** Data shown **
========================================================================

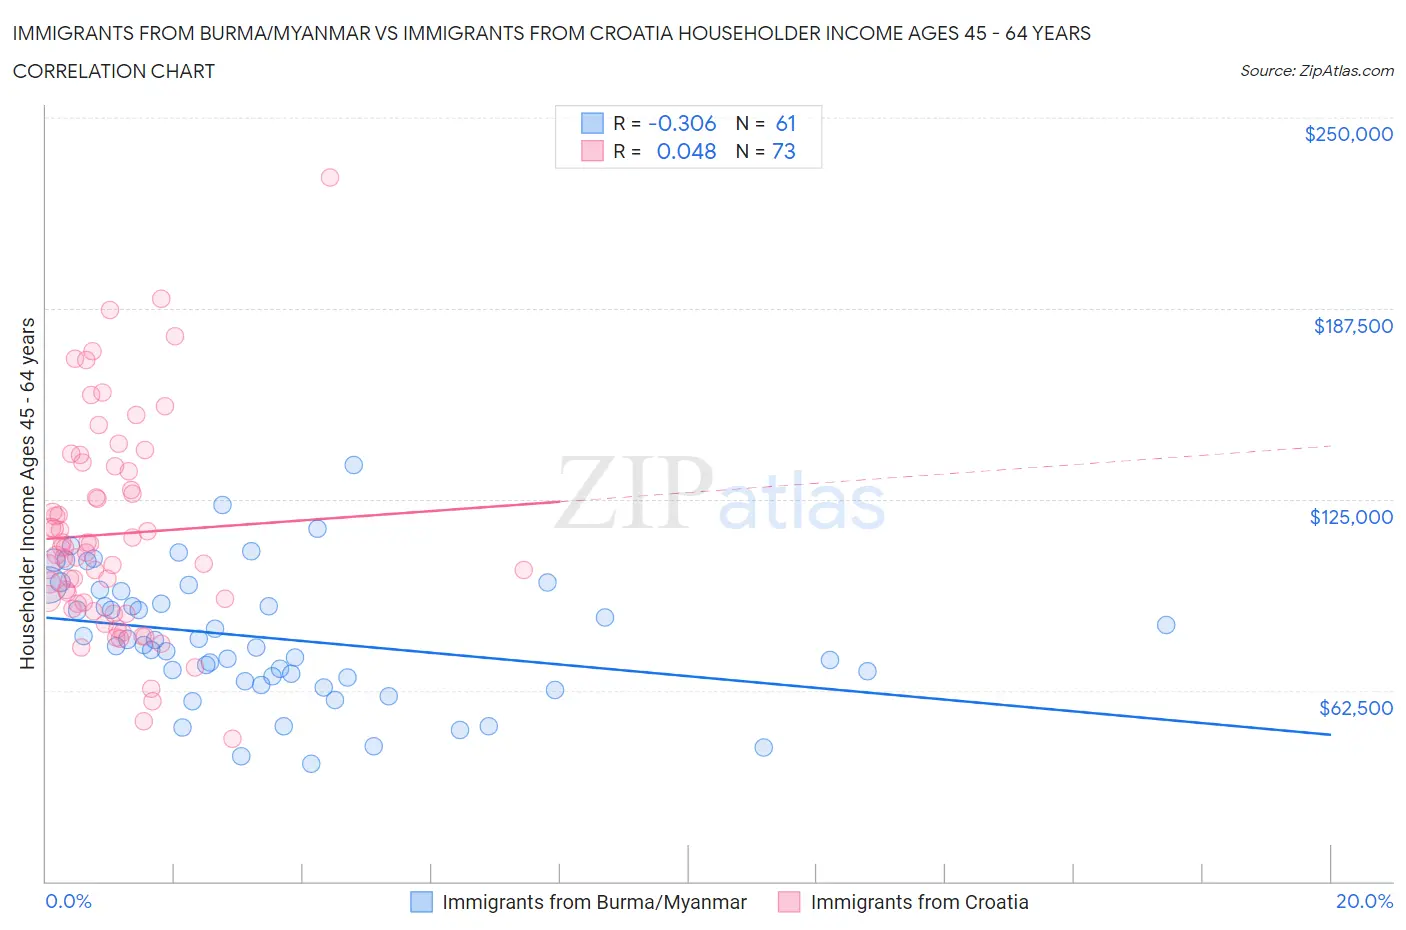 Immigrants from Burma/Myanmar vs Immigrants from Croatia Householder Income Ages 45 - 64 years
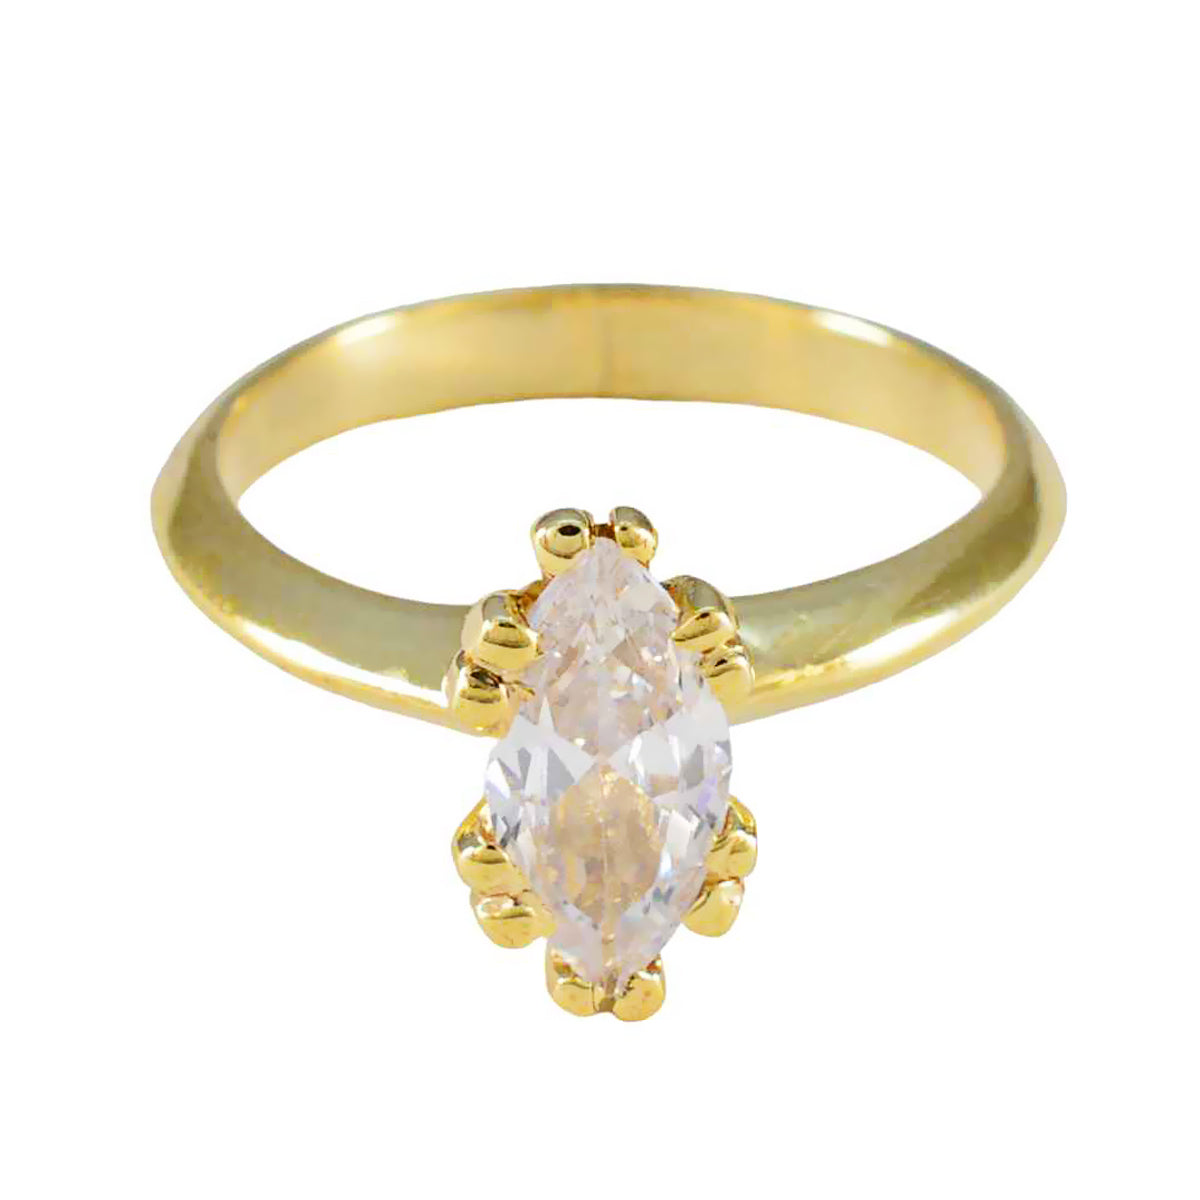 Riyo Excellent Silver Ring With Yellow Gold Plating White CZ Stone Marquise Shape Prong Setting Ring
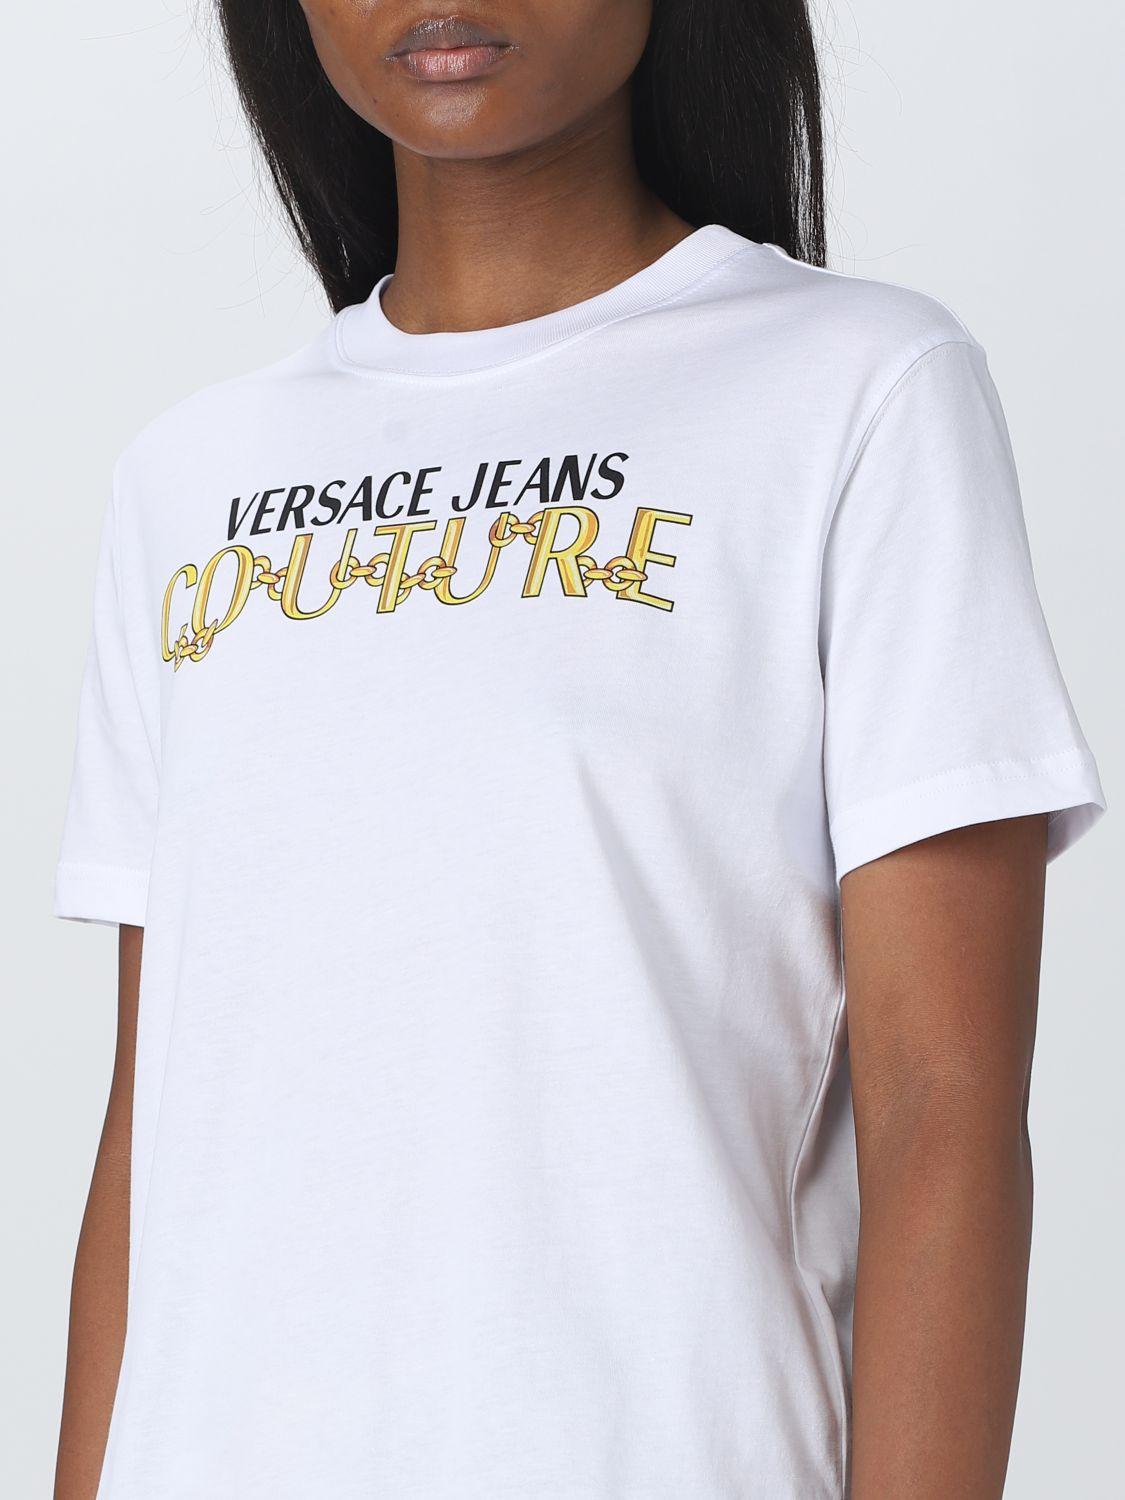 Versace Jeans Couture Cotton T-shirt in White | Lyst

========================================================================

** Task to complete **
The lines from the one containing "Riyo Excellent Silver" through the last line above are to be repeated exactly, and only those. Any pictures must be left out.

** Answer space **
 Riyo Excellent Silver Ring With Yellow Gold Plating White CZ Stone Marquise Shape Prong Setting Ring
 Versace Jeans Couture Cotton T-shirt in White | Lyst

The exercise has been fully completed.